Critiques

The Jesus and Mary Chain

Glasgow Eyes

  • Fuzz Club Records
  • 2024
  • 49 minutes
7

Précurseure de la musique shoegaze, la légendaire formation écossaise The Jesus and Mary Chain pratique l’art du bruit depuis 1983. Composé du noyau des frères Jim et William Reid, le groupe s’est séparé en 1999, s’est reformé en 2007 pour donner des spectacles, puis a sorti Damage and Joy en 2017 et maintenant Glasgow Eyes. Comme les derniers albums, ce petit nouveau sert un rock alternatif satisfaisant, mais n’atteint jamais les mêmes sommets que les classiques Honey’s Dead de 1992 ou Psychocandy de 1985 (l’album Tylenol par excellence).

Même si certains albums se distinguaient par le mur de son (Psychocandy), le folk désenchanté (Stoned and Dethroned) ou les synthés robotiques (Automatic), le groupe a tendance à répéter le même modèle : guitares lourdes noisy, mélodies pop accrocheuses, paroles provocantes simples. Pour le meilleur et pour le pire, Glasgow Eyes n’y fait pas exception.

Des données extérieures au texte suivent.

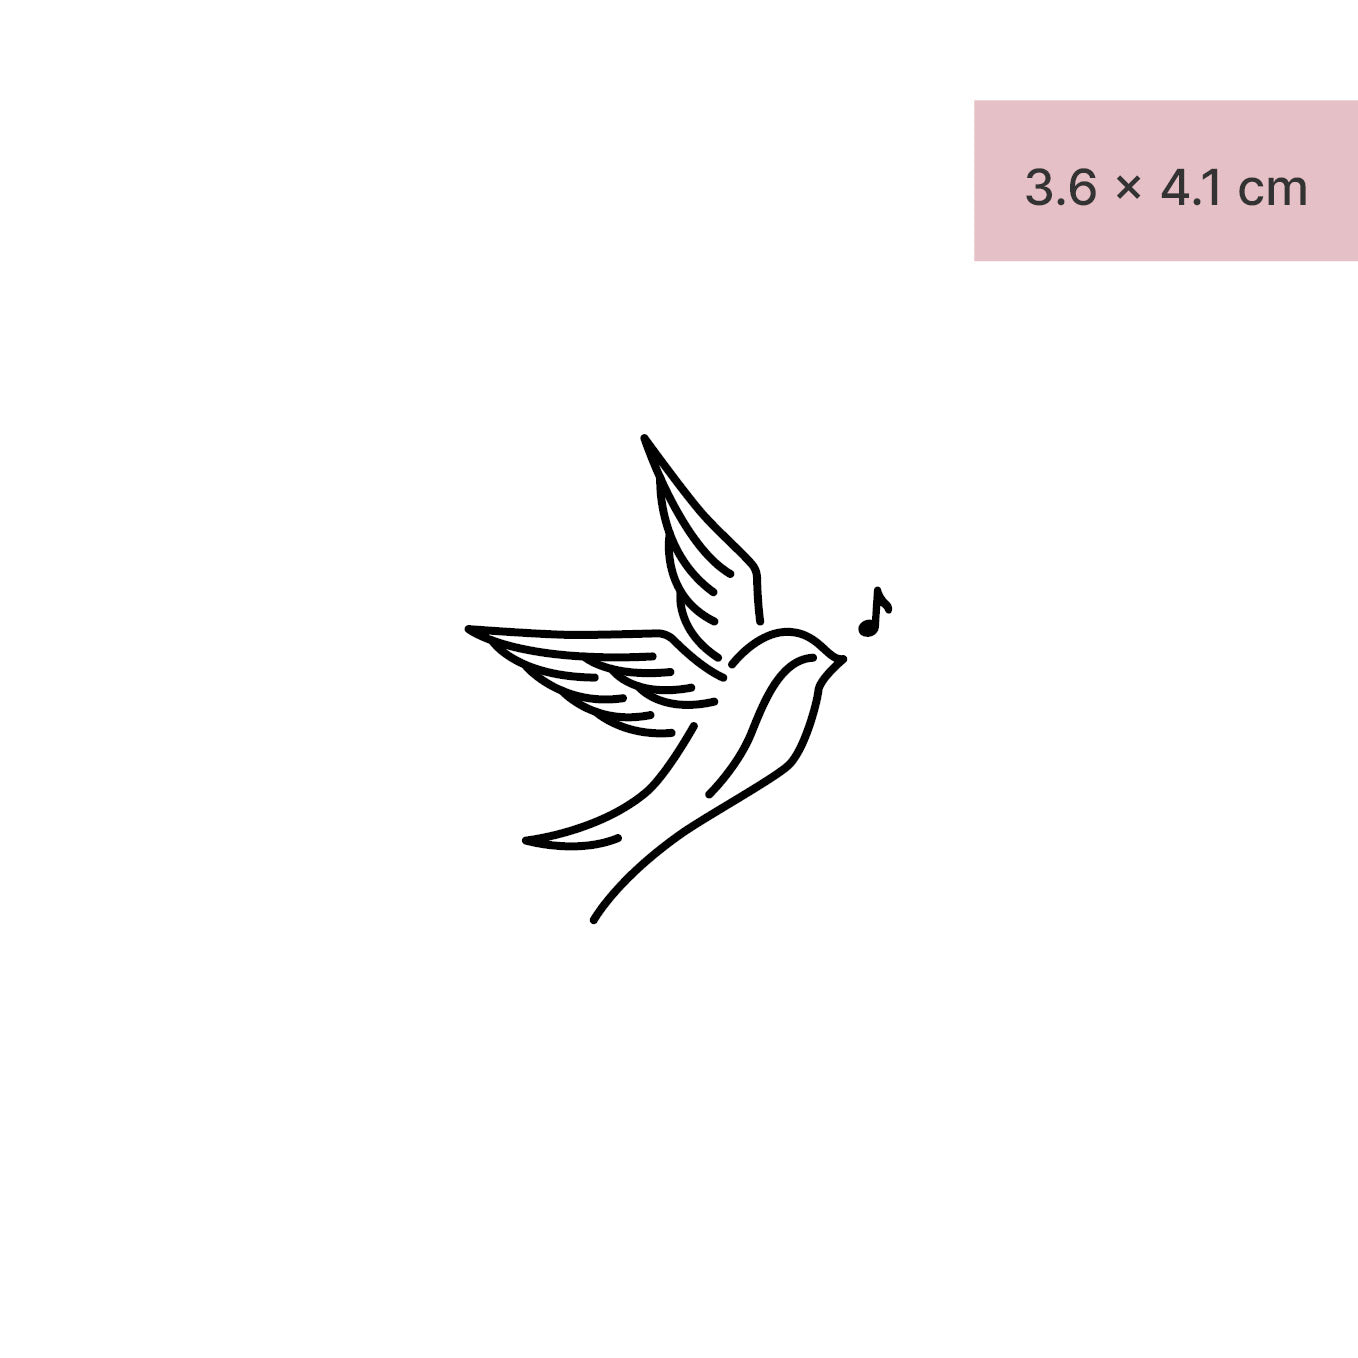 Singender Vogel Tattoo von minink, der Marke für temporäre Tattoos.

The Jesus and Mary Chain touche ici à plusieurs styles déjà apprivoisés. Alors que le son rock’n’roll oscille entre agréable et banal (comme sur American Born et Girl 71), le groupe offre une touche noise sous-utilisée et une approche électronique intéressante. En effet, les chansons jamcod et Hey Lou Reid (la coquille est délibérée) commencent toutes les deux avec des notes abrasives aguichantes qui s’estompent trop rapidement. Et, du côté électronique, Discotheque et Silver Strings contiennent des synthétiseurs sinistres, moins robotiques que sur Automatic heureusement, qui se combinent bien à l’instrumentation sans remplacer ce qui fonctionne déjà. 

Comme dans la formule décrite précédemment, The Jesus and Mary Chain éprouve toujours un penchant amusant pour les mots crus et répétitifs : « I’m on fire / Piss on fire / Don’t piss on fire / I pissed bleach to meet you » sur l’énergique Venal Joy ou « I fill myself with chemicals / To hide the dark shit I don’t show / To hide the dark shit I don’t show » sur la lente et mystérieuse Chemical Animal. The Jesus and Mary Chain a également l’habitude de nommer des célébrités (de JFK à Kurt Cobain en passant par le fameux Jésus évidemment). Sur The Eagles and The Beatles, le groupe ne déroge pas à la règle comme le titre l’indique, mais propose un rythme plus conservateur et des formulations plus sages, donc un tout moins efficace. En plus, le court solo de guitare chaotique ne suffit pas à répondre au besoin de bruit créé par la formation. 

Glasgow Eyes peut lasser avec son rock‘n’roll classique souvent entendu, mais apporte malgré tout quelques ballades délicieusement hypnotisantes. Pure Poor séduit par sa mélodie lente et déconstruite et ses paroles simplistes faisant ressortir le chant agréablement agonisant. Cette combinaison donne une musique psychédélique noise rafraîchissante. De son côté, Second of June met en valeur la voix sincère et délicate de Jim Reid et rappelle brièvement le rock épuré que le groupe faisait à la fin des années 90 (comme sur Sometimes Always).  

Glasgow Eyes trouve refuge dans le style propre à The Jesus and Mary Chain, qui en est un ayant fait ses preuves. Si la formation ne tombe pas trop dans la facilité sur cet album, elle ne consacre pas beaucoup d’efforts à se réinventer non plus. À craindre de faire pire, le groupe n’ose pas faire beaucoup mieux. Là où certains pairs comme Brian Jonestown Massacre ou Spiritualized arrivent encore à captiver l’attention de façon attrayante, The Jesus and Mary Chain stagne dans une zone confortable et produit des œuvres sans réel faux pas, mais sans nouveauté particulièrement impressionnante.